The most frustrating part of all of this is that my husband and I care. We care so much for our girls, and have a serious interest in their growth and education. We have advanced degrees and well-paid roles, and believe that one of the best ways we can provide for our children and give them all of the possibilities in this world is to model the behavior we want them to have. Two adults who studied hard, work hard, earn well and pursue their dreams…so they can invest time, money and energy into helping the next generation succeed.

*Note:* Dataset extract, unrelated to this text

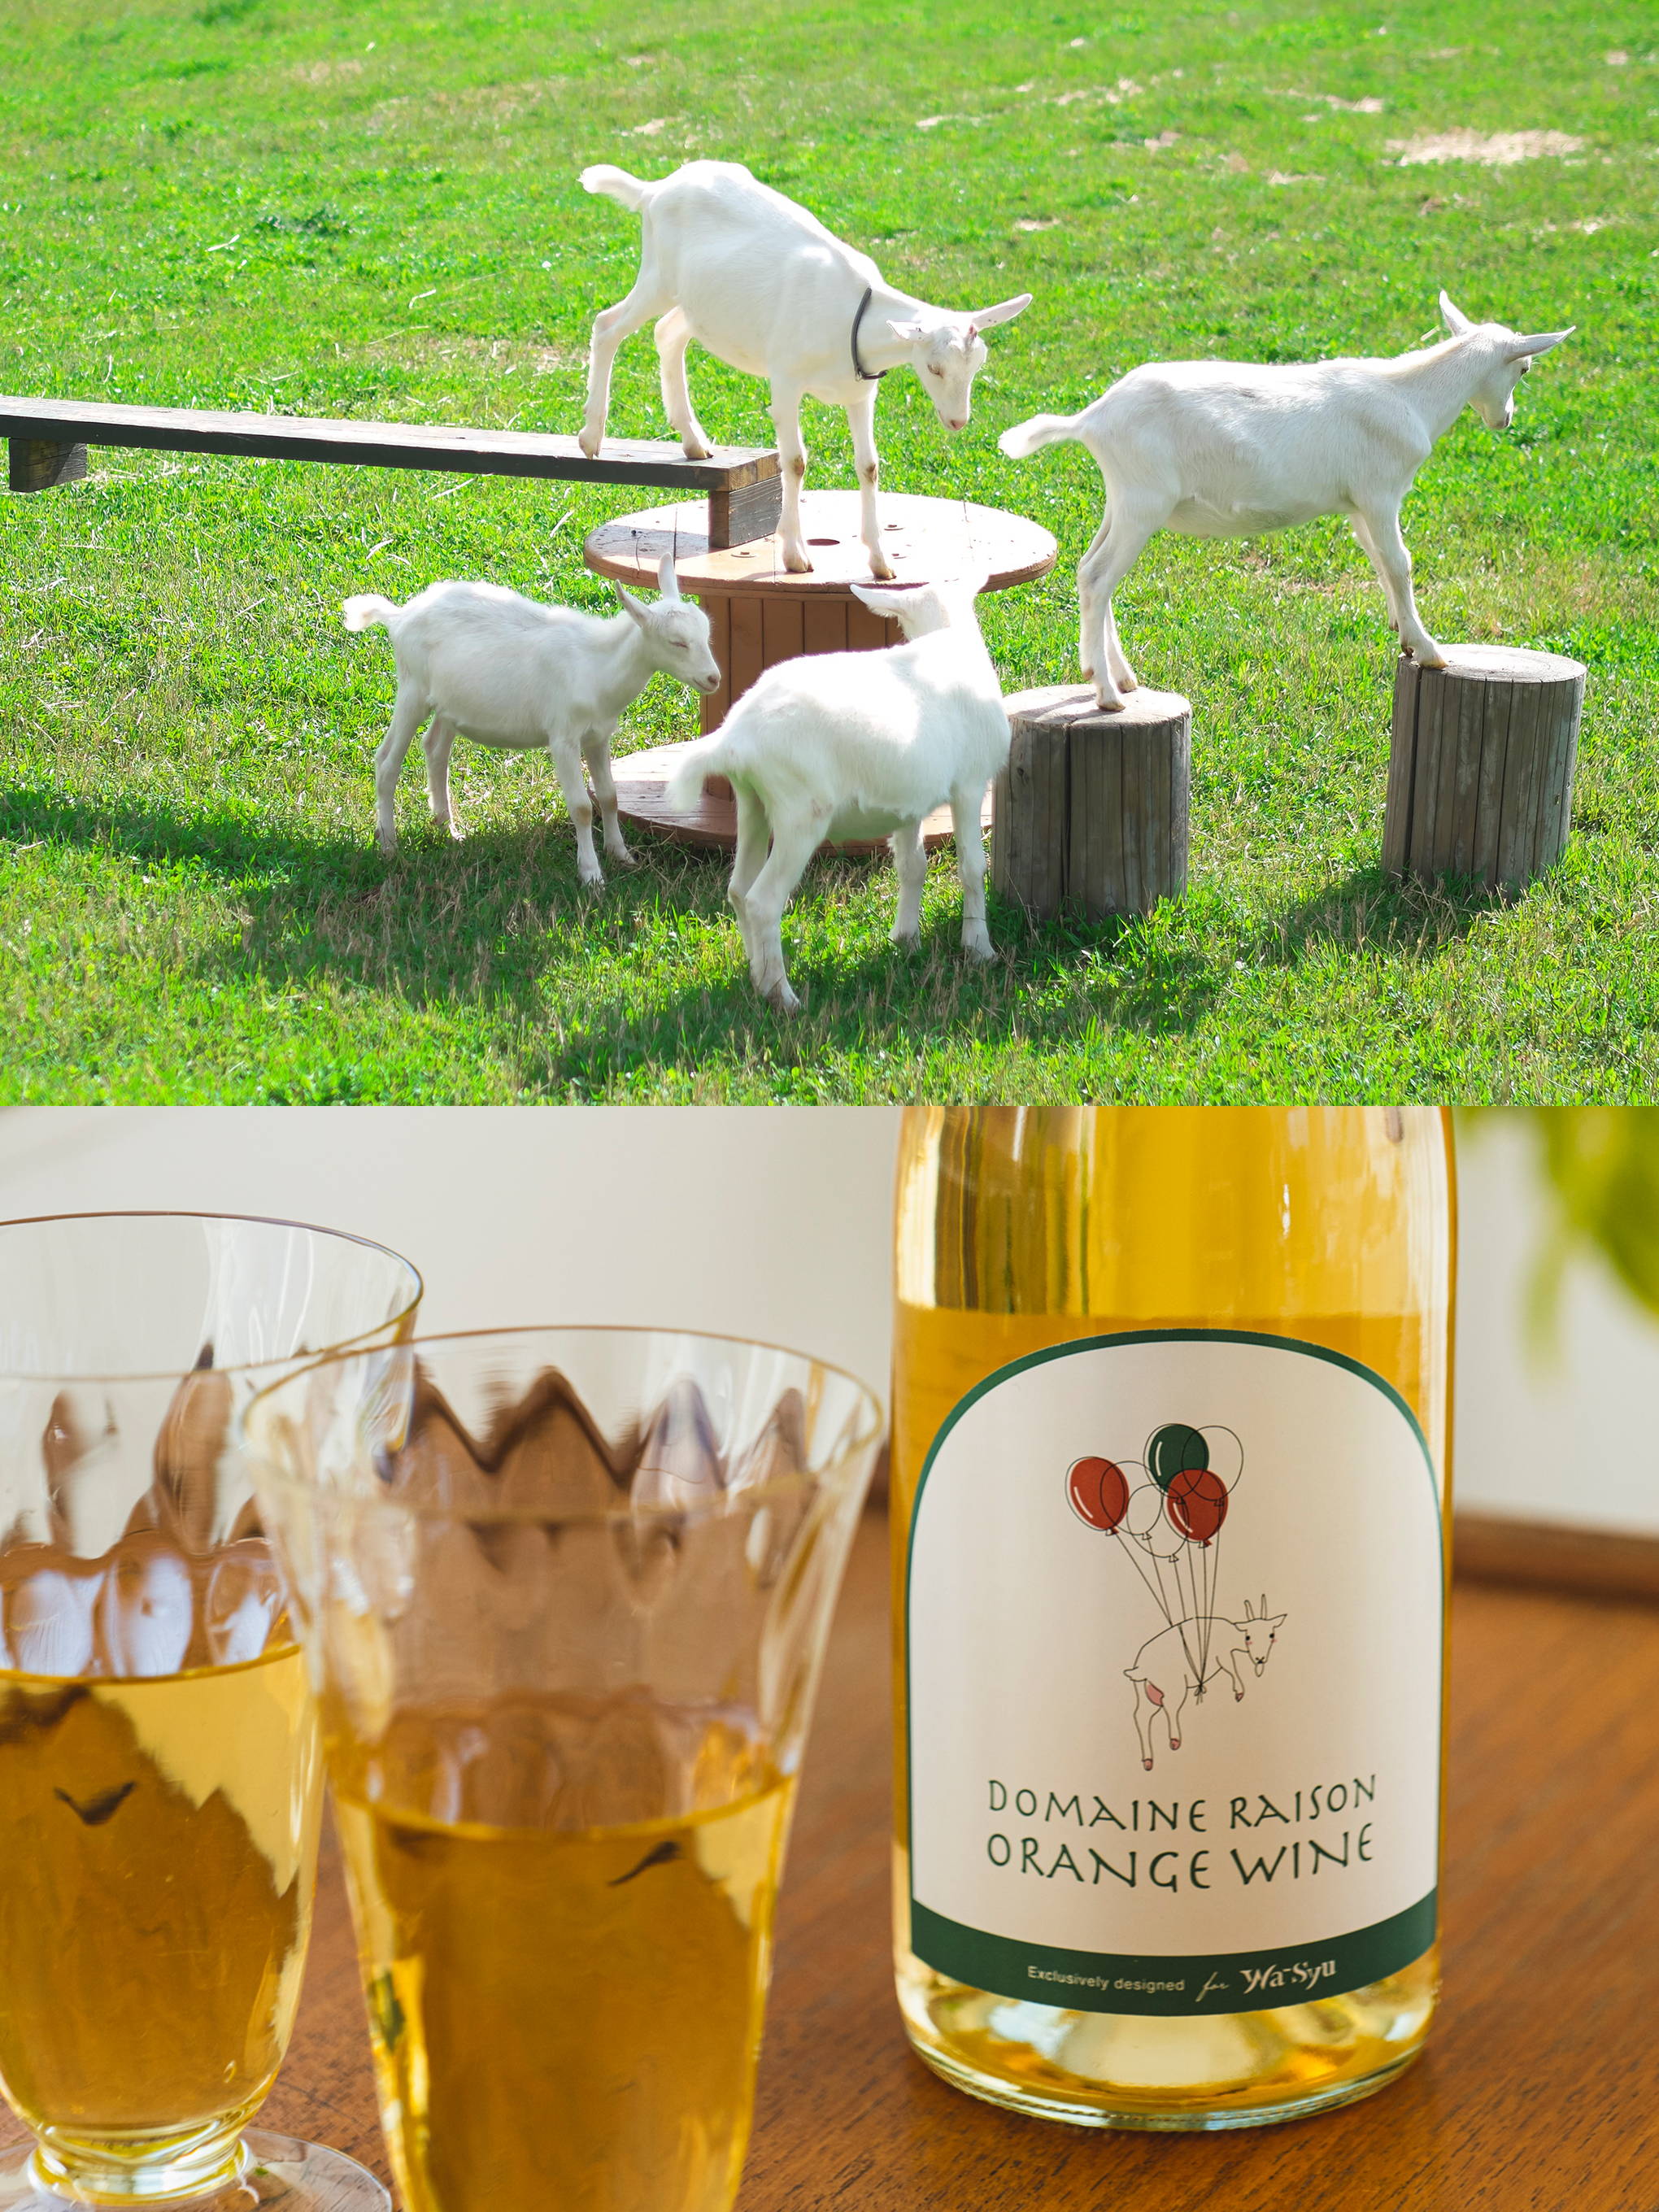 ヤギと共に、サスティナブルなワイン造りを目指す『ドメーヌレゾン』。アイコン的存在のキュートなラベルには、日本ワインらしく和の色を使って。

The sad truth is, no matter how hard we try, how much we do, we will always fail when it comes to school. Because our school systems only support a lifestyle that no longer exists. And if that isn’t a goddamn shame, I don’t know what is.

Author

Lynn Morrison is a smart-ass American raising two prim princesses with her obnoxiously skinny Italian husband in Oxford, England. If you've ever hidden pizza boxes at the bottom of the trash or worn maternity pants when not pregnant, chances are you'll like the Nomad Mom Diary. Catch up with her daily on Facebook and Twitter.

1 Comment

  1. Yes! In addition to this, both of my daughters’ schools require parents to complete 10 hours per school of volunteer time (physically at the school), so for me, twenty hours. I know it doesn’t seem like a lot, but for a working family, it isn’t easy. And the kicker is that most of the volunteer opportunities are during school hours!! If you don’t complete the hours, your kid runs the risk of not being able to return the following year. There are also mandatory volunteer hours for team sports as well. I hate to say it, but when I was my girls’ ages, the PTA was optional and parental volunteering for both school and sports was just an opportunity, not a requirement. It’s almost impossible to juggle work, school, school volunteer time and sports volunteer time. Add that to what you’ve written about the time differences in school systems and regular working hours, and it makes it harder than ever to be available for our children, and (dare I say) to have a little bit of breathing room as human beings. This is such a great read! Thank you!